Python vs Microsoft Excel: Choosing the Right Option for Data Analysis
Systems biology adopts and integrates multi-omics approaches to understand human biology. The rapid development of omics tools, including genomics, transcriptomics, proteomics and metabolomics, along with bioinformatics and computer science has helped tremendously in our understanding of biological systems at the molecular level, providing deeper mechanistic insights into our understanding of human health and disease.
High-throughput technologies have made data collection much easier than before. However, the analysis and integration of big data are becoming much more challenging. A more fundamental question arises: is Microsoft Excel sufficient for data analysis or is learning Python necessary to get more insights from the data? To answer this, we need to decipher the situations where using Python is superior to Excel.
Here, I have examined 5 different possibilities to justify why one should consider learning Python for analysing large datasets:
1. Python enables users to assign processed datasets in codes or variables, mitigating the need for storing multiple files or spreadsheets.
Most data will need to be preprocessed before data analysis can be performed. Examples include imputing values for missing data, removing rows or columns with too much missing data and data scaling to allow machine learning models to work better.
These tasks may be easy to perform on Microsoft Excel if the dataset is small. However, if analysing a dataset with dimensions of 20 variables with 20,000 genes (with a total of 400,000 numerical values), users will typically have to save them individually processed files in different excel sheets and files to reduce lagging issues.
In Python, processing these big datasets is much simpler with just a few lines of code using the pandas library in Python.

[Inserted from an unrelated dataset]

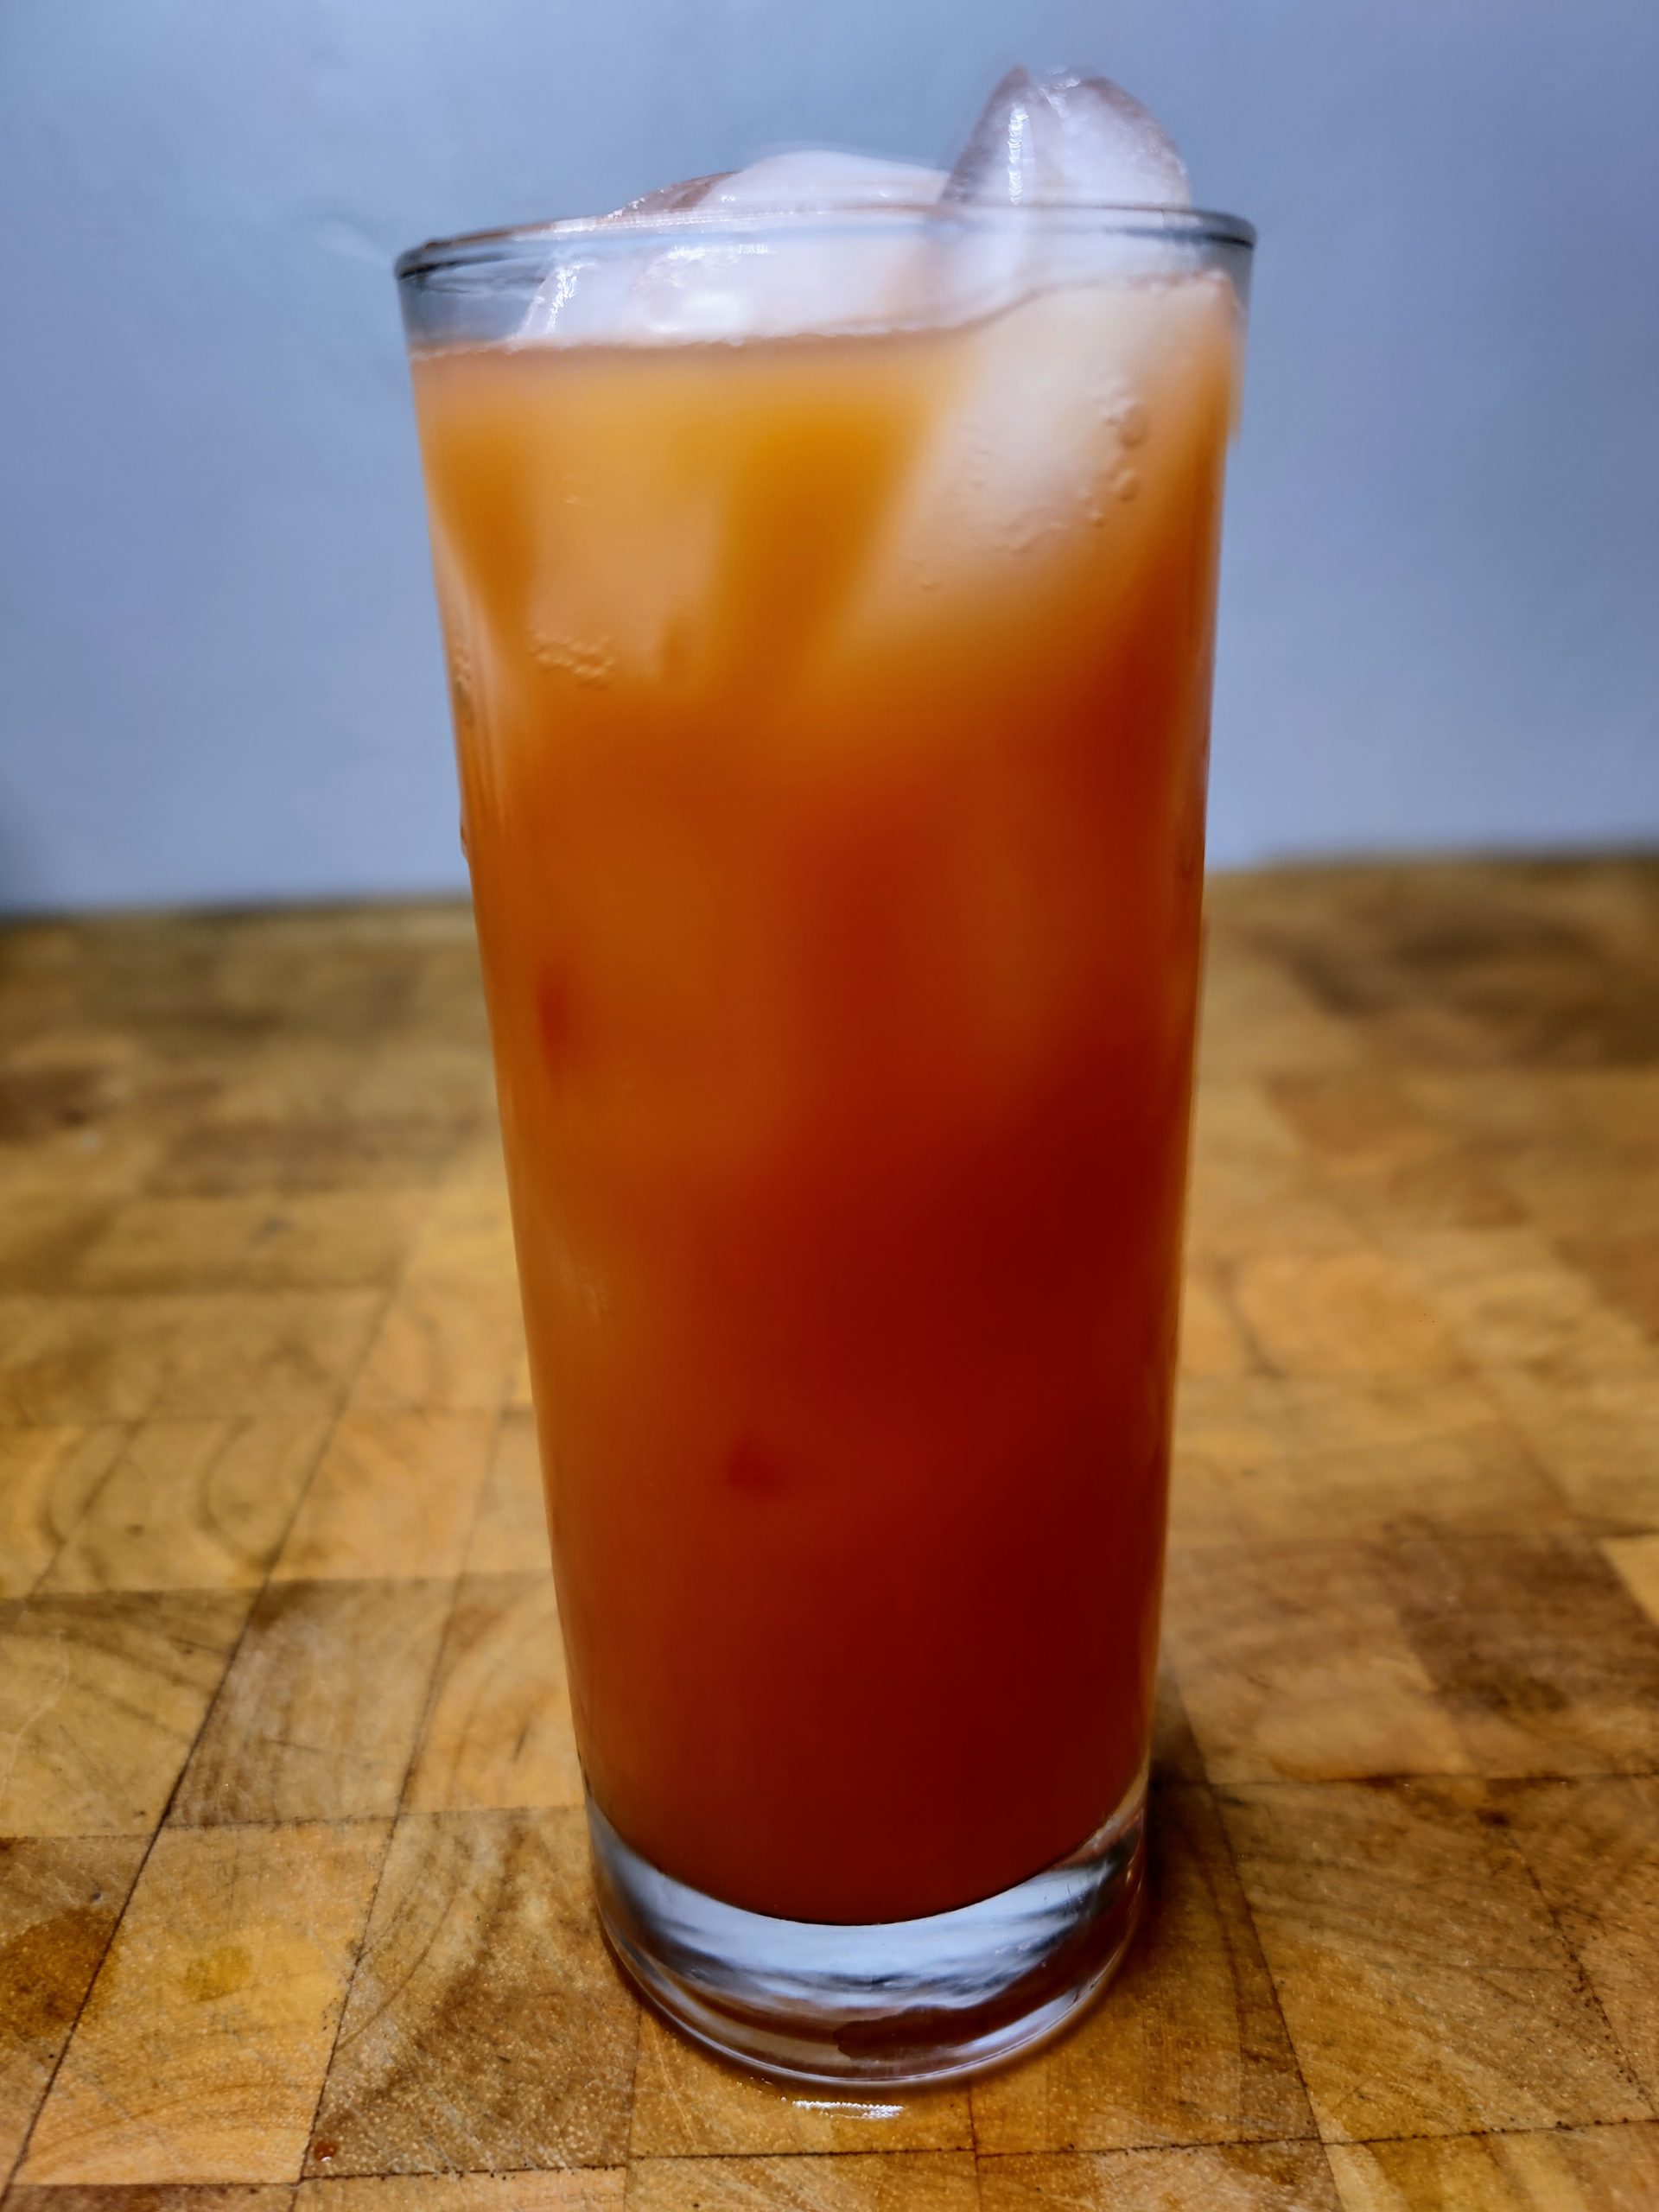 red death drink in a highball glass on a wooden table

2. Python is more consistent and less error-prone as compared to Excel.
Using Excel files to analyse small datasets is convenient and is hence, usually preferred. However, with large datasets, the drag and drop function is not perfect. For instance, a lot of time and effort is needed to drag the cells if you have a large number of variables. The drop function is also not useful if you have empty cells in your dataset.
Finally, combining “filter” or “sort” functions with formulas is cumbersome in Excel, especially for large datasets. In Python, however, filtering, grouping, sorting and manipulation of tables can be easily executed in pandas.
3. Python is more time and space-efficient in processing large datasets.
The maximum limit of Excel is 1,048,576 rows by 16,384 columns, which means that you will have to store all your genes from microarray or RNAseq in rows. Even if you stored all your genes in rows, performing excel functions in large datasets can take a long time (can take several minutes).
In some scenarios, due to the long processing time, the excel program may shut down, causing you to lose your updated file. This means that you will have to save your files regularly and each time you press “save”, it takes a few minutes, which means a lot of time wasted on waiting.
In Python, the codes are automatically saved and the DataFrame dimensions are limitless, which means you can manage and transpose the files whenever you like, and the processing is usually completed within seconds.
Another point to note is that all the codes can be saved and shared, which means that the same codes can be used to compare with another big dataset. This saves a lot of time and reduces the need to manage a large number of files.
4. Searching for variables across different datasets are quicker in Python than in Excel.
Within one dataset, Excel can do multiple gene queries with the INDEX function. However, for multiple large datasets, this is not efficient. First, you will have to open multiple spreadsheets, and then use the INDEX function to query each and every spreadsheet. Overall, this can take a long time if you have many spreadsheets.
In Python, after assigning your index column(s), you can use the iloc functions to perform the specific query for every dataset. You can even use the multiquery function in Streamlit to perform query functions. Hence, data query of a large number of variables in multiple datasets is usually more efficient with Python than Excel.
5. Python can draw more interactive and sophisticated graphs than Excel.
With more people sharing their codes and developing packages, Python can plot more sophisticated graphs which is important for data visualisation of large datasets. For instance, Python can do hierarchical clustering and heatmaps easier than excels. Complex functions involving unsupervised clustering, such as principal component analyses are also easier to perform in python. Finally, the Plotly and Altair libraries in Python makes graphs interactive, allowing users to hover over data points to acquire individual data point characteristics.
Other reasons give Python a competitive edge, including the ease of implementing machine learning models, building data dashboards for clients and sharing of data analysis workflows. I believe in learning the fundamentals first, before delving into the sophisticated models and framework. A good place to start is to read the pandas documentation. Another website that provides good introduction can be found here as well.
Thus, we can conclude that Python is better than Excel for data analysis.
I hope this helps you in making your choice. Thank you for reading!